When Should You Refinance a Mortgage?
We review the important aspects to help make this decision.
Rates again near historic lows.
After shooting up above 5% at the end of 2010, mortgage rates have been quietly declining all year long and are now back under 4.5%. This is a second chance at historically low rates for those that thought they had missed their opportunity last year. 
Mortgage Rates

The first step is to clarify your goal in refinancing. It can be as simple as locking in a lower rate, reducing monthly payments, trading out of a more risky loan (ie. short term ARM, interest-only), or consolidating other, less tax advantaged debts accumulated. All of those examples are legitimate reasons to consider a refinancing but if you aren't clear of your own purposes it will be difficult to judge the merits of a refinancing offer.

Once you have established the desired purpose of the refinancing it is time to look at the actual numbers. There are two factors that come into play in these calculations, the fees involved in closing the refinancing and the new mortgage rate and term. Closing costs are significant in New York, the the highest in the country in fact. You will have access to a Good Faith Estimate (GFE) from your mortgage lender/broker which will illustrate these costs. The rules surrounding GFE have been tightened in the wake of the housing crisis and should be more accurate than they have been in the past. Once you have estimated these closing costs, calculate how much lower (if any) your new monthly mortgage payment will be. Divide the closing costs by the monthly saving. This number will give you the amount of monthly payments required to cover the refinancing cost. Also important - calculate the total amount of interest you will pay over the term of the new loan in comparison to your existing mortgage (multiply the monthly payment by the months of payments remaining in the loan and subtracting the current principal). The following links will help you make these calculations.
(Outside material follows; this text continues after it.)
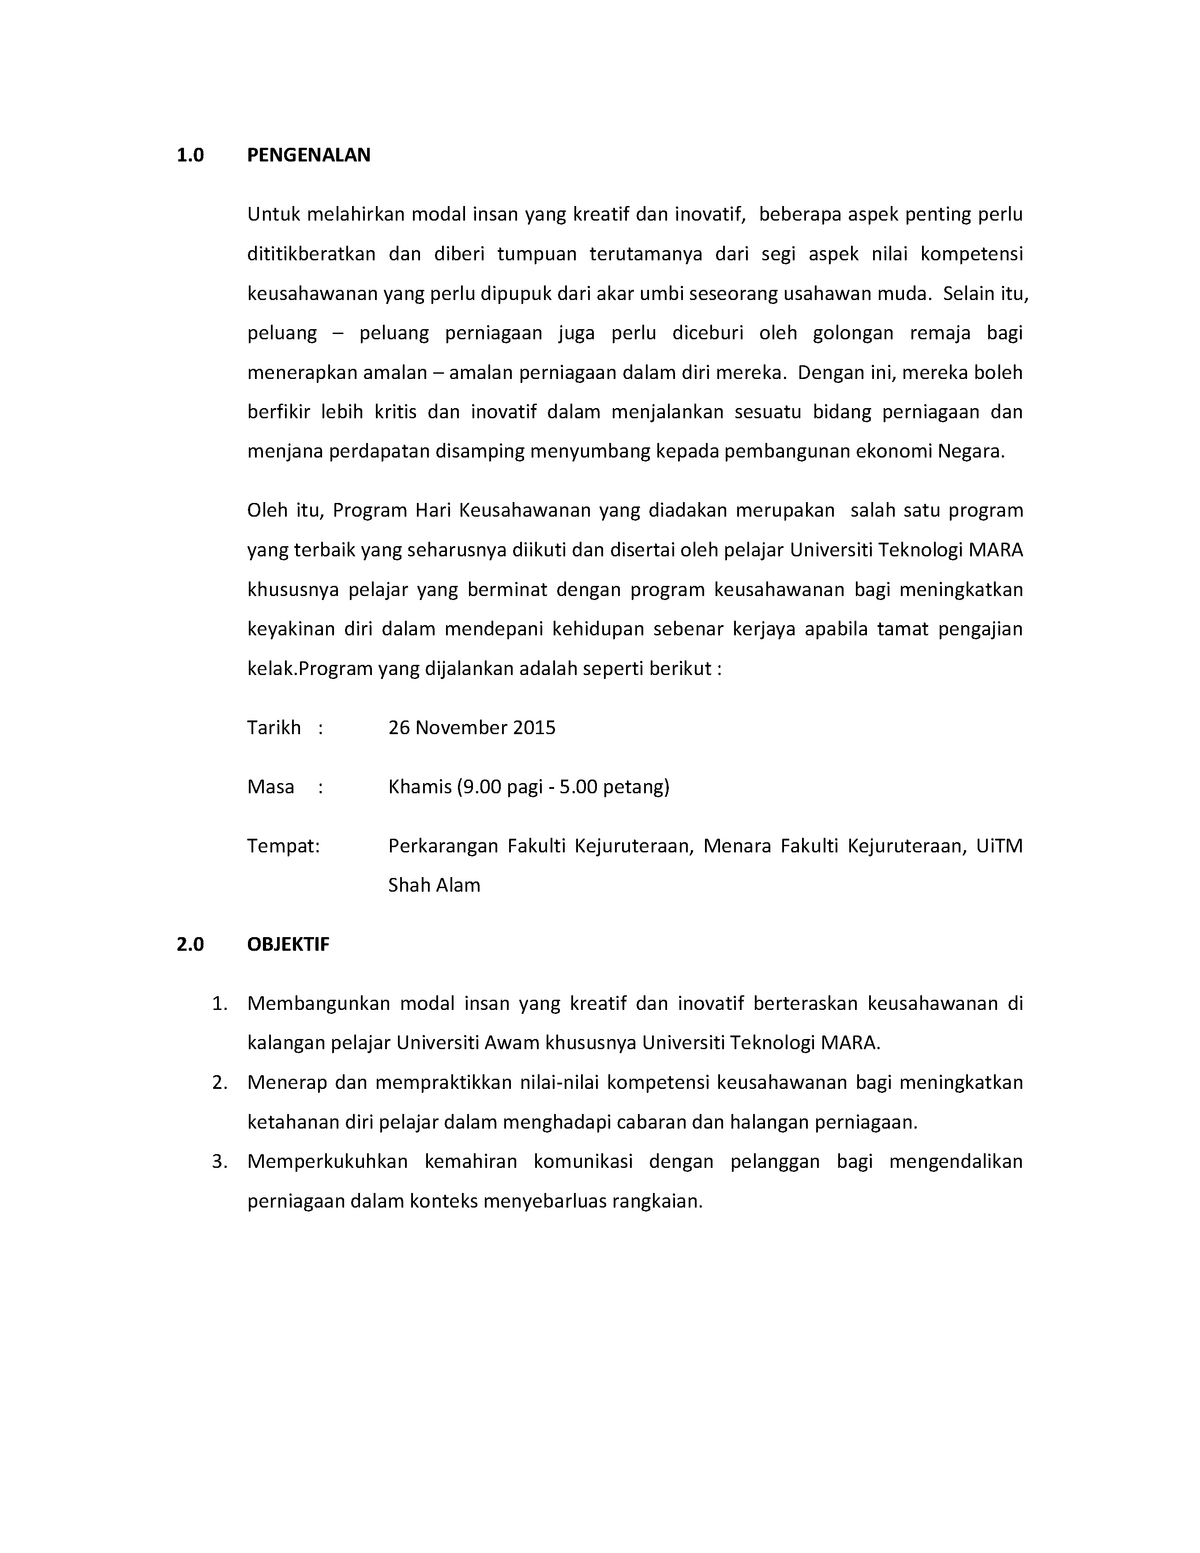 Report Jualan Writing Assignment By Hazree Tajuddin Studocu

Once armed with this information, you have to measure it against your goals of the refinancing. If you are looking to reduce your rate then your monthly payments and overall interest payments should be lower. If you need to reduce your expenses then obviously the monthly payment must be lower but the total interest you pay over the life of the loan may be higher. If you are getting out of a variable loan, the new terms should fit within your budget for housing and living expenses, even if they increase the monthly payment you make right now. If the purpose is debt consolidation then you want to make sure you extract enough to eliminate higher cost debt but minimize the amount of additional debt you are taking on in the refinance. As you can see, what might be a good deal for one individual can be anything but for another. This is why we stress the importance of establishing a goal for the refinancing.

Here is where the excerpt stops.